Byte-addressable vs word-addressable memory architectures and terminology #100

jreineckearm · 2024-03-08T16:58:26Z

Description

~~The recently introduced Bytes per Word setting isn't considered when calculating the values for the address column. This causes incorrect addresses to be displayed.~~

UPDATE: What was initially considered as a bug showed the need to consider byte-addressable memory architectures that use the term word for a data unit consisting of multiple directly addressable bytes. We need to ensure that

terminology used in the Memory Inspector either scales across byte- and word-addressable architectures. Or is easily understandable for users of both architecture types.
address calculations, for example for the address column, reflect this architecture characteristic correctly for both.

The solution may require the introduction of a new configuration option.

Below the original "bug reproducer" to allow understanding of the evolution of this Github issue.

How to reproduce:

Open Memory Inspector
Try different "Bytes per Word", "Words per Group", "Groups per Row" settings.
Check the address values in the left column.

Expected behavior

The addresses should be incremented by the effective number of Bytes displayed per previous row. At the moment, it looks like the "Bytes per Word" is not taken into account.

Environment

OS: Windows 10 Enterprise
Browser: N/A
Theia or VS Code Version: 1.87.0

Additional information

Correct address values:

Address values not taking "Bytes per Word" into account:

The text was updated successfully, but these errors were encountered:

colin-grant-work · 2024-03-08T17:31:03Z

@jreineckearm, shouldn't each address cover one word, so that the current behavior is correct? Since you've changed the bytes per word, but not the words/group or groups/row values, the number of words/row hasn't changed, and the address difference between rows should be the same.
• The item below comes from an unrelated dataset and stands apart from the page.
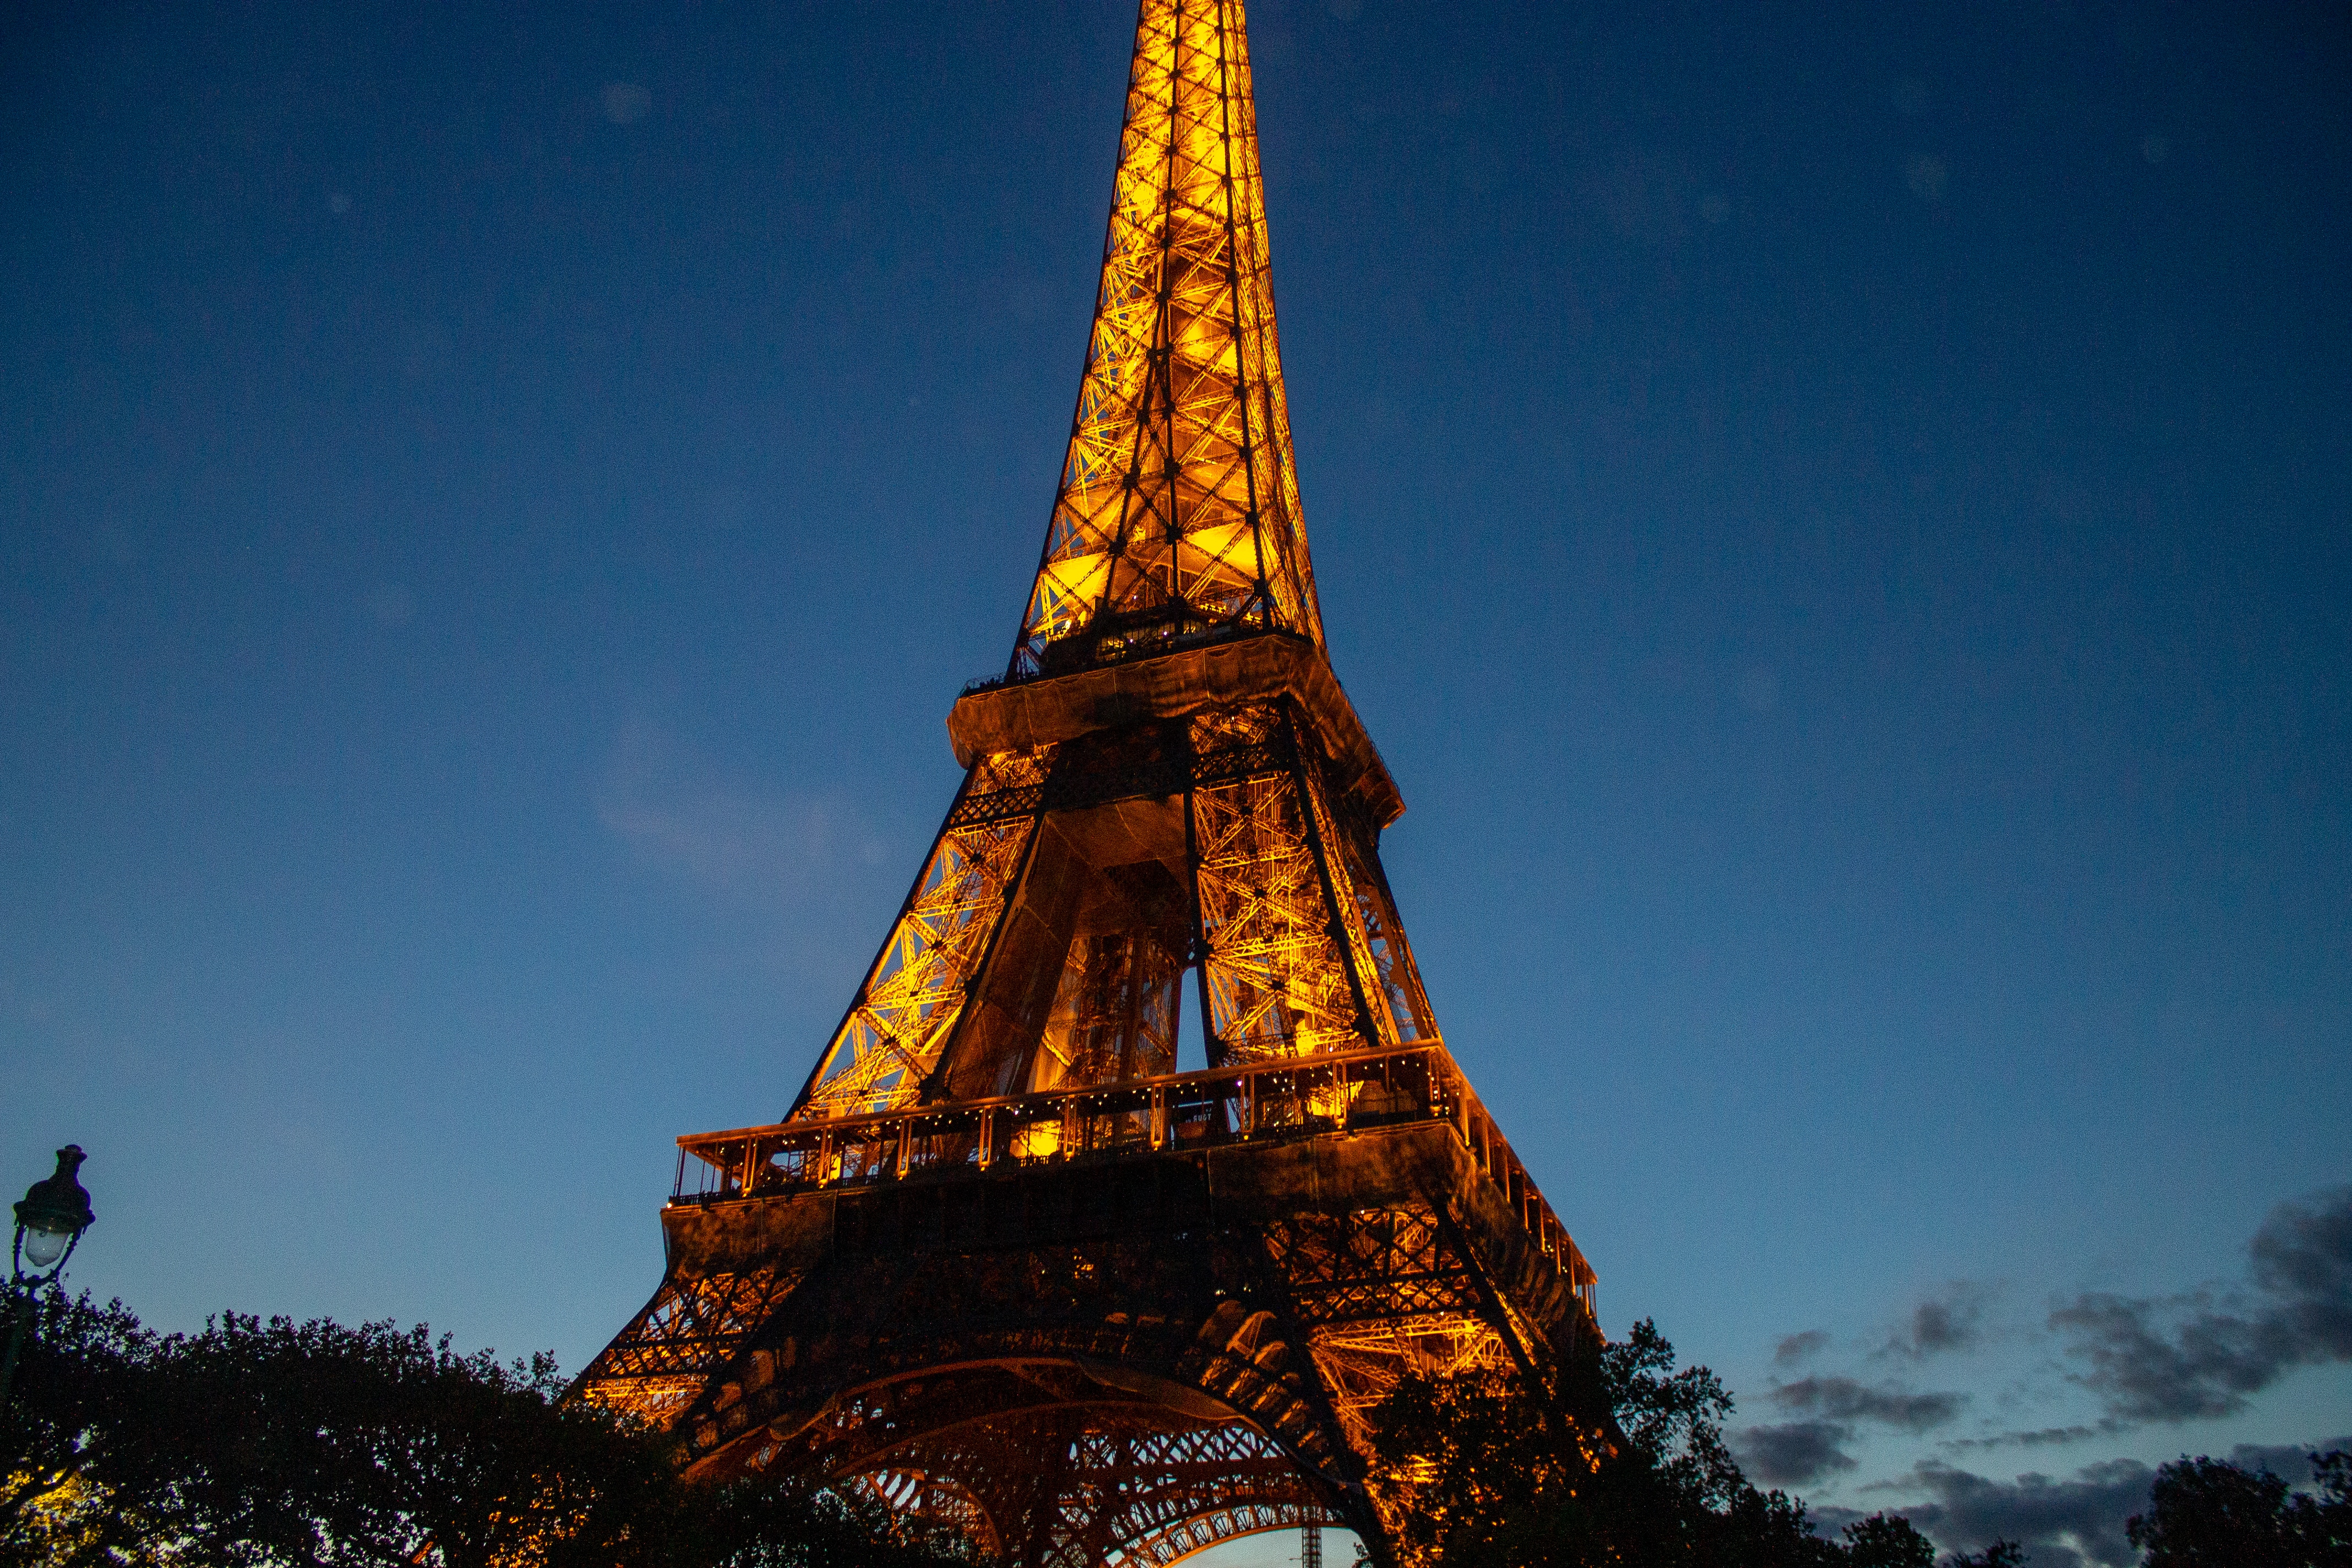 Eiffel towet at night

jreineckearm · 2024-03-08T17:51:38Z

@colin-grant-work , interesting. I think we are hitting here a CPU architecture terminology ~~problem~~ challenge. :-)
In general, the Arm architecture (yes, I may be a little biased :-) ) works with byte-addressable memory. But uses the term word for example for the M-class flavors as a 32-bit unit. See for example: https://developer.arm.com/documentation/ddi0419/c/Application-Level-Architecture/ARM-Architecture-Memory-Model/Address-space
I realize only now that other CPU architectures can be word-addressable. This is may become more than just a quick calculation fix and require a little more thinking....
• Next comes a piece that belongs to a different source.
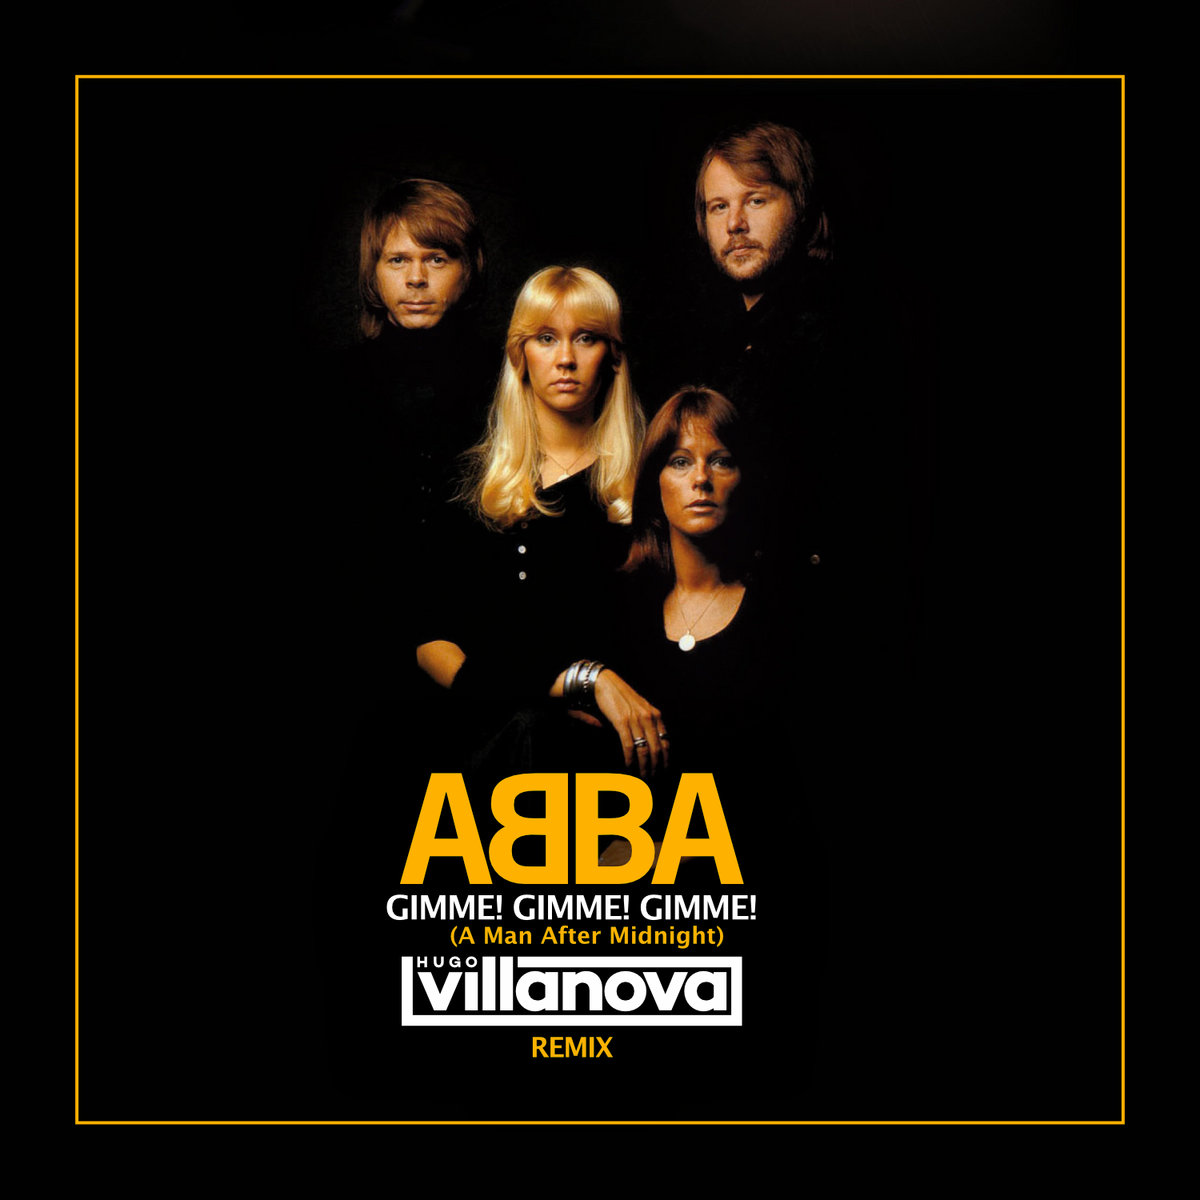 Abba - Gimme Gimme Gimme (Hugo Villanova Remix) | Hugo Villanova

colin-grant-work · 2024-03-08T17:54:37Z

Yes... it's not very nice. I was thinking through some similar issues recently and found this sentence:

A byte is composed of a contiguous sequence of bits, the number of which is implementation-defined.

So we can't even technically use the term 'byte' with any definite meaning!
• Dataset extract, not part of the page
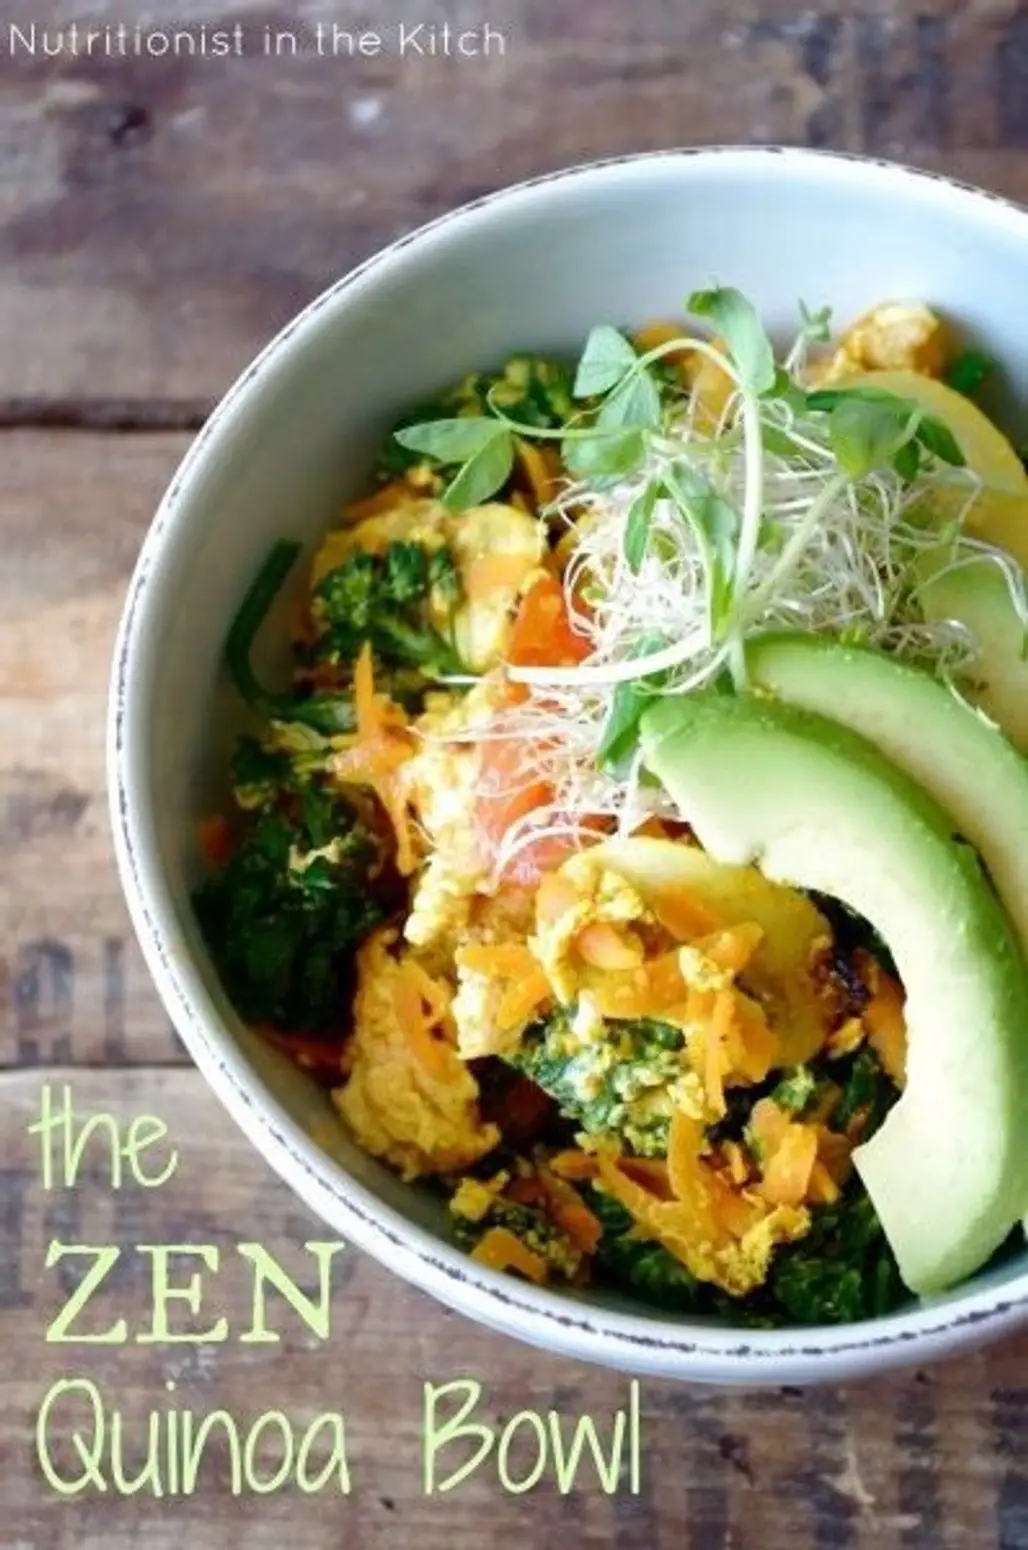 The “Zen” Quinoa

jreineckearm · 2024-03-08T18:06:13Z

So we can't even technically use the term 'byte' with any definite meaning!

Hm....I am sure we can come up with a good story around it. At the end of the day, each memory window instance is used in the context of a specific CPU architecture. But we may need to carefully think about how to feed in such a-priori-knowledge:
A DAP should know how to interpret an address based on the targeted CPU. So, it should be able to return the right amount of bits based on address and length (sorry, if wrong, don't have the MS DAP spec at hand). We just may need more meta-information about to how many bits/digits a byte refers. And if a CPU is byte- or word-addressable. All of that without the need to make a user an architecture expert to configure the window correctly for their targeted HW.
Let me think this a little through over the weekend (it's getting late over here in Germany). But I believe we are not that far off with what we have already now...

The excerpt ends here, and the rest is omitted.